Renko charts in the trading spectrum comprise bricks effective to analyse the price movement of assets based on a non-time-based model. Emerged from the Japanese term ‘Renga’, meaning bricks, it represents price trends in red or green coloured bricks.

While trades or investments are taking place, as 9.5 crore Indians invest in stocks directly, stay informed and ensure solid decision-making by learning the working process, associated indicators and more about this chart.

 

What Does a Renko Chart Denote?

As a trader, if you are curious about what is renko chart, it is a distinct sort of technical chart, and unlike traditional ones, it does not consider time to determine price movement.
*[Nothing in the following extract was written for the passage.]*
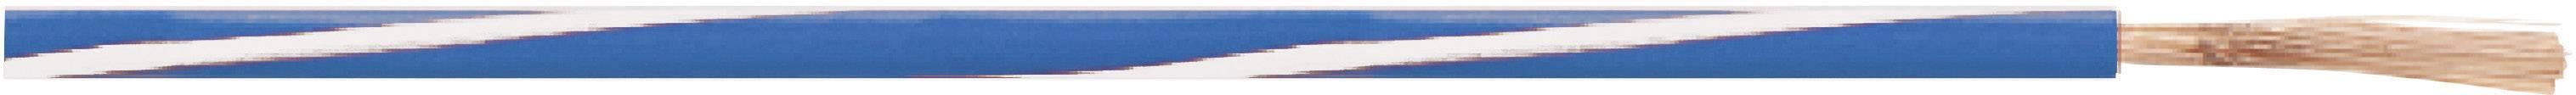 Opletenie / lanko LappKabel 4512922S X05V-K, 1 x 0.75 mm², vonkajší Ø 2.40 mm, metrový tovar, tmavomodrá, biela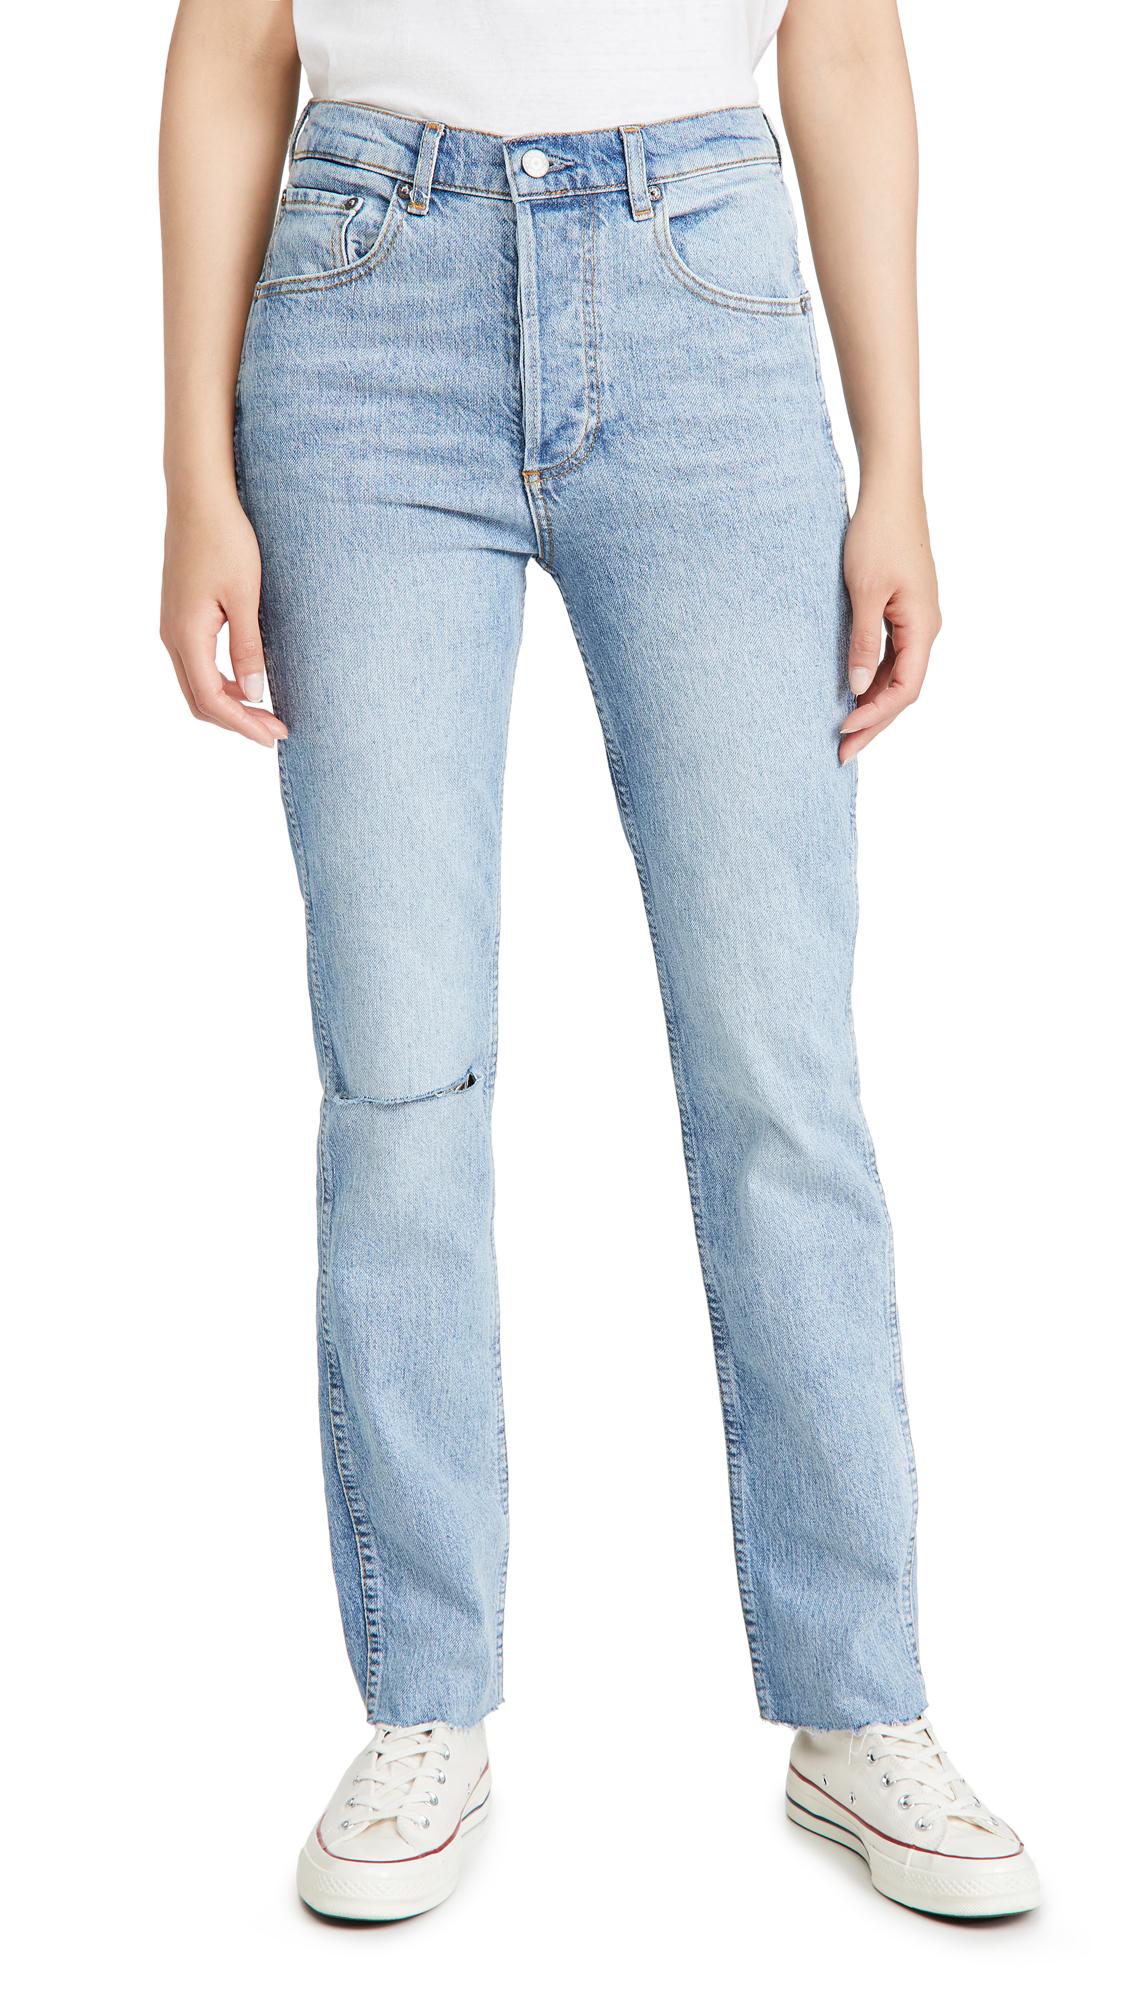 Boyish The Dempsey Jeans

Here is a detailed view:

  1. Price Representation by the Chart

    If you are a trader who is seeking to eliminate market noise and needs insights only on price movements, a renko chart might be effective for you. This chart plots price information in the form of individual bricks. They move upwards or downwards from their earlier brick at a 45-degree angle.

  2. Sets Brick Sizes According to Volatility

    On a Renko chart, traders typically draw bricks or blocks in the direction of the price movements of an asset during a trading session. To portray the raw price movement of an asset, traders usually set a brick size and might customise it depending on its volatility.

    In the case of assets that are highly volatile in nature, traders might choose a renko brick of a larger size. Conversely, to display price movements of securities with low volatility, they might choose a smaller brick size on this chart.

  3. Process of Brick Size Selection

    Suppose a typically much volatile mid-cap stock that often swings between INR 120 and INR 130, making an INR 10 move on average. Here, as a trader, you might draw a larger brick of INR 5 to filter out minor fluctuations.

    On the other hand, a typically more stable large-cap stock makes an INR 2 move, between INR 100 and INR 102. As a trader, you might set a brick size of INR 2 to capture actual price shifts without skipping over price movements of an entire day.

 

How Does Renko Chart Work?

Now that you have an idea of the Renko chart meaning, you must also note its detailed working. It might help you to plot asset price movements accordingly on a chart and filter out noise.

  1. Choosing the Brick Colour

    A typical Renko chart is made up of red and green bricks or blocks. You place a green block on the chart when the asset price is higher than its previous block. On the other hand, when the asset price dips and it is lower than its earlier block, you place a red block to represent this drop.

    Each brick or block on this type of chart is formed based on a predetermined price point of an asset. As a trader, you can set this price as per your need, and when that price point is breached, you create a new brick or block.

  2. Brick Placement Based on Price Movements

    Let us understand these block or brick placements with another hypothetical example. Suppose you set the brick size initially at INR 2 to capture price movement. Now the stock you are following goes from INR 100 to INR 102. Here, you place a green brick.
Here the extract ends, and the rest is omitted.